Laziness is the term that is used most frequently when talking about Haskell evaluation model. A more specific description is call-by-name evaluation with sharing. The latter means that the value of an expression is calculated at most once and reused. The former means that arguments passed to functions do not get evaluated until their value is needed. Let's have a look at some interesting examples. We will use undefined to help us trace the evaluation of our expressions. When undefined is evaluated an exception is thrown.

Try out the following in ghci.

undefined
let a = [1, 2, undefined, 3, 4]
take 2 a
take 3 a
drop 3 a
length a

The last two examples are really interesting. Although we take the element after undefined and traverse the list to calculate its length, no exceptions are thrown.
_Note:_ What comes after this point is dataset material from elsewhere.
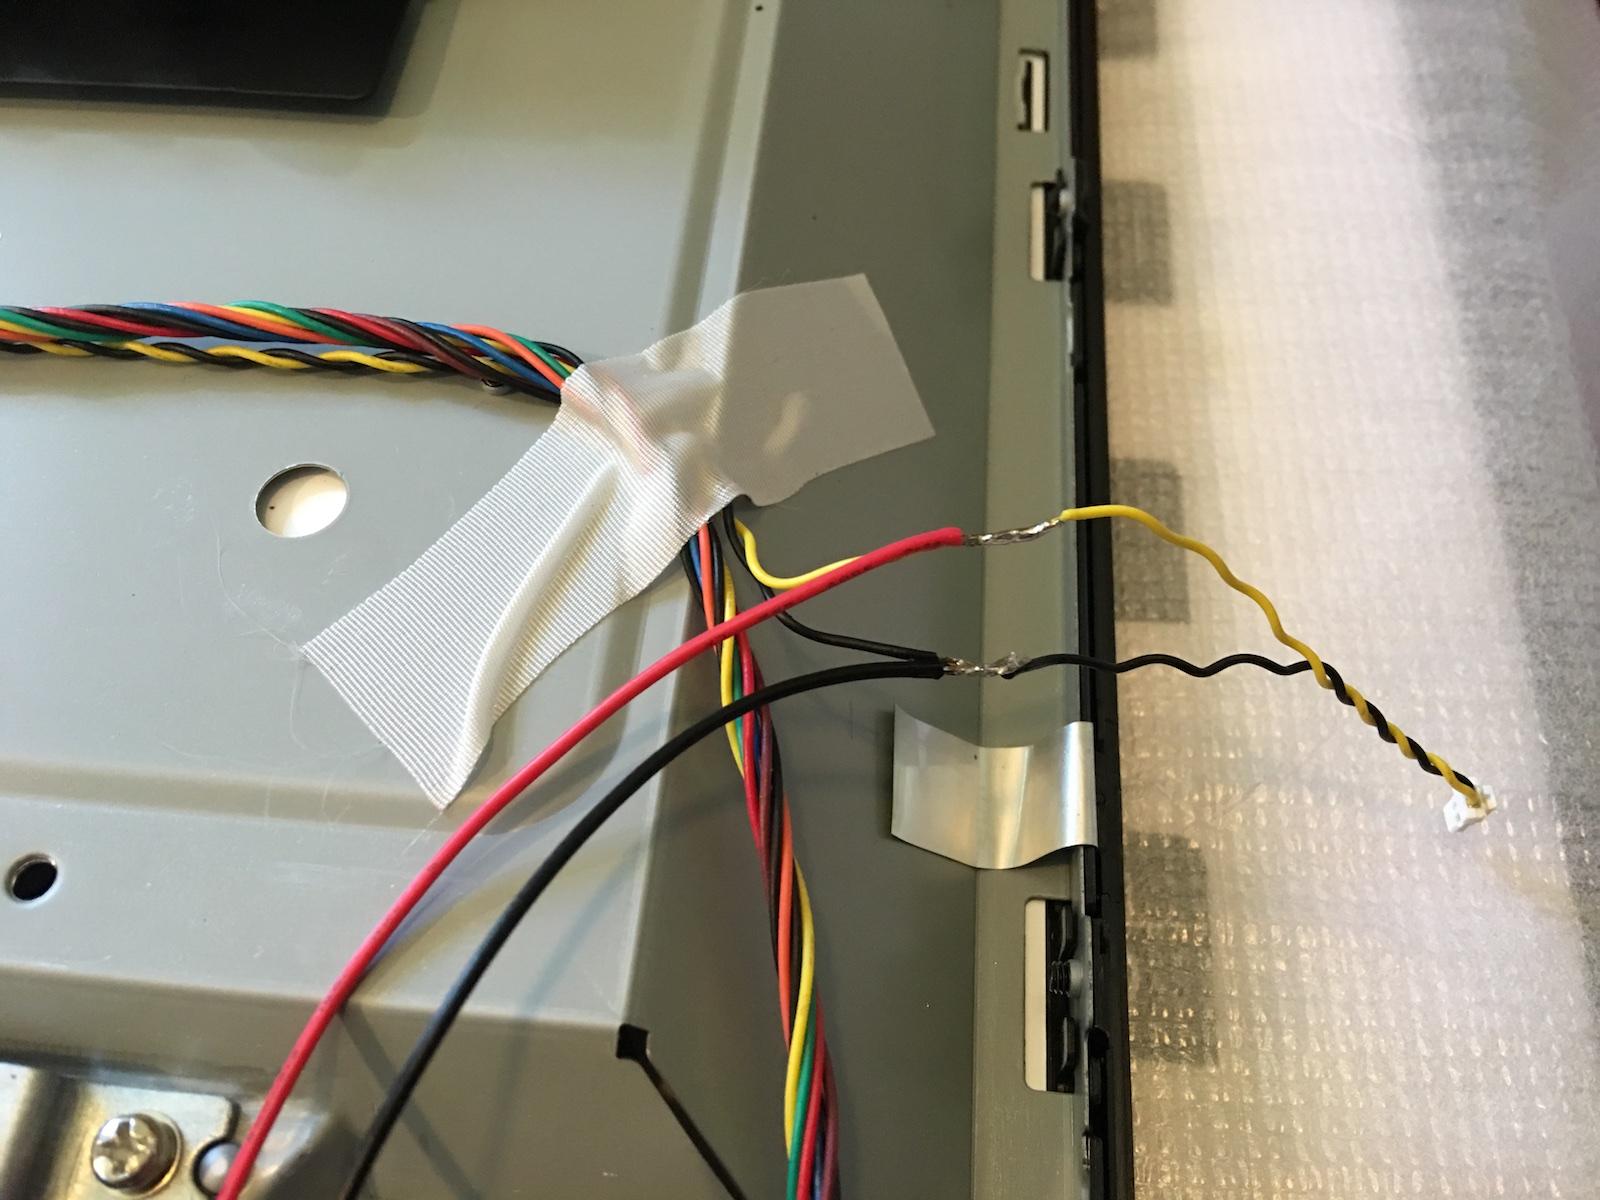 Alpha Bravo Pinball Maintenance Repair Restoration Wiring Jamma Power Supply Wires Added Kraylix Powerbuttons 002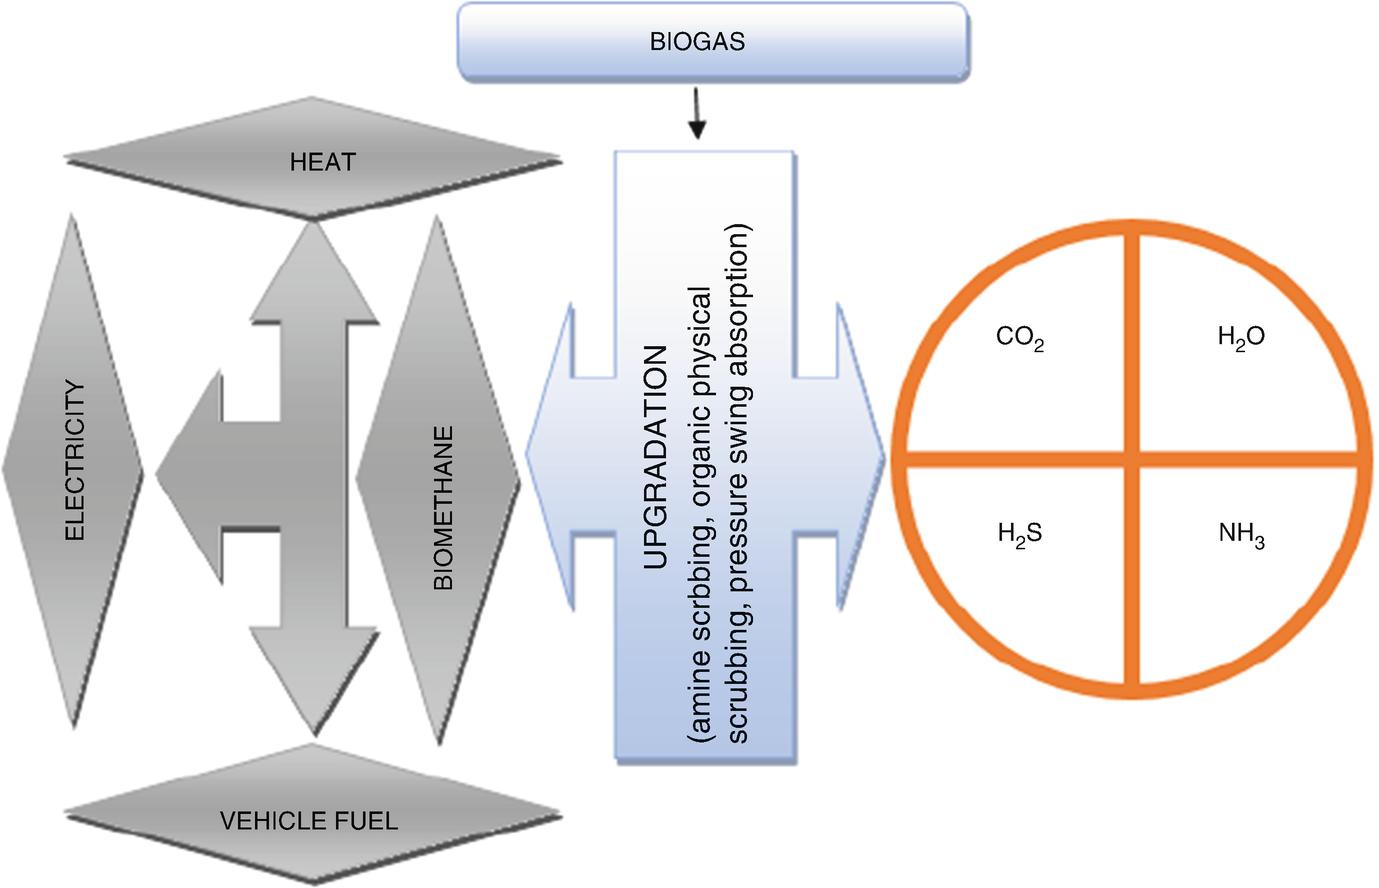 Conversion Of Lignocellulosic Feedstocks Into Biogas Springerlink Digester Construction Diagram Systematic Fig 78 Upgradation And Utilization

This is because the (:) constructor is evaluated but not its arguments.

Infinite data structures

Laziness allows us to define infinite data structures.

let ones = 1 : ones

How would you evaluate this expression?

1 : ones
1 : (1 : ones)
1 : (1 : (1 : ones))
...

ones is an infinite list of 1s. Still all of the general list functions work on it.

take 20 ones
let twos = (+1) <$> ones
take 10 $ drop 100 twos

In strict languages, it is impossible to express infinite data structures this way since the argument of (:) would be evaluated before the expression (is), resulting in an infinite loop.

Create echo.hs with the following content:

module Main where

main :: IO ()
main = do
  input <- getContents
  putStrLn input

The type signature of getContents is IO String. It creates an IO action that reads from standard input and returns it as a String value, that we print to the screen. Compile and try it out.

Surprisingly getContents does not finish after a newline character, it continues reading from the terminal, at the same time putStrLn prints back to the screen. getContents creates an IO action that creates a lazy String. It reads from the terminal as long as the input is requested. In this case putStrLn asks for the content.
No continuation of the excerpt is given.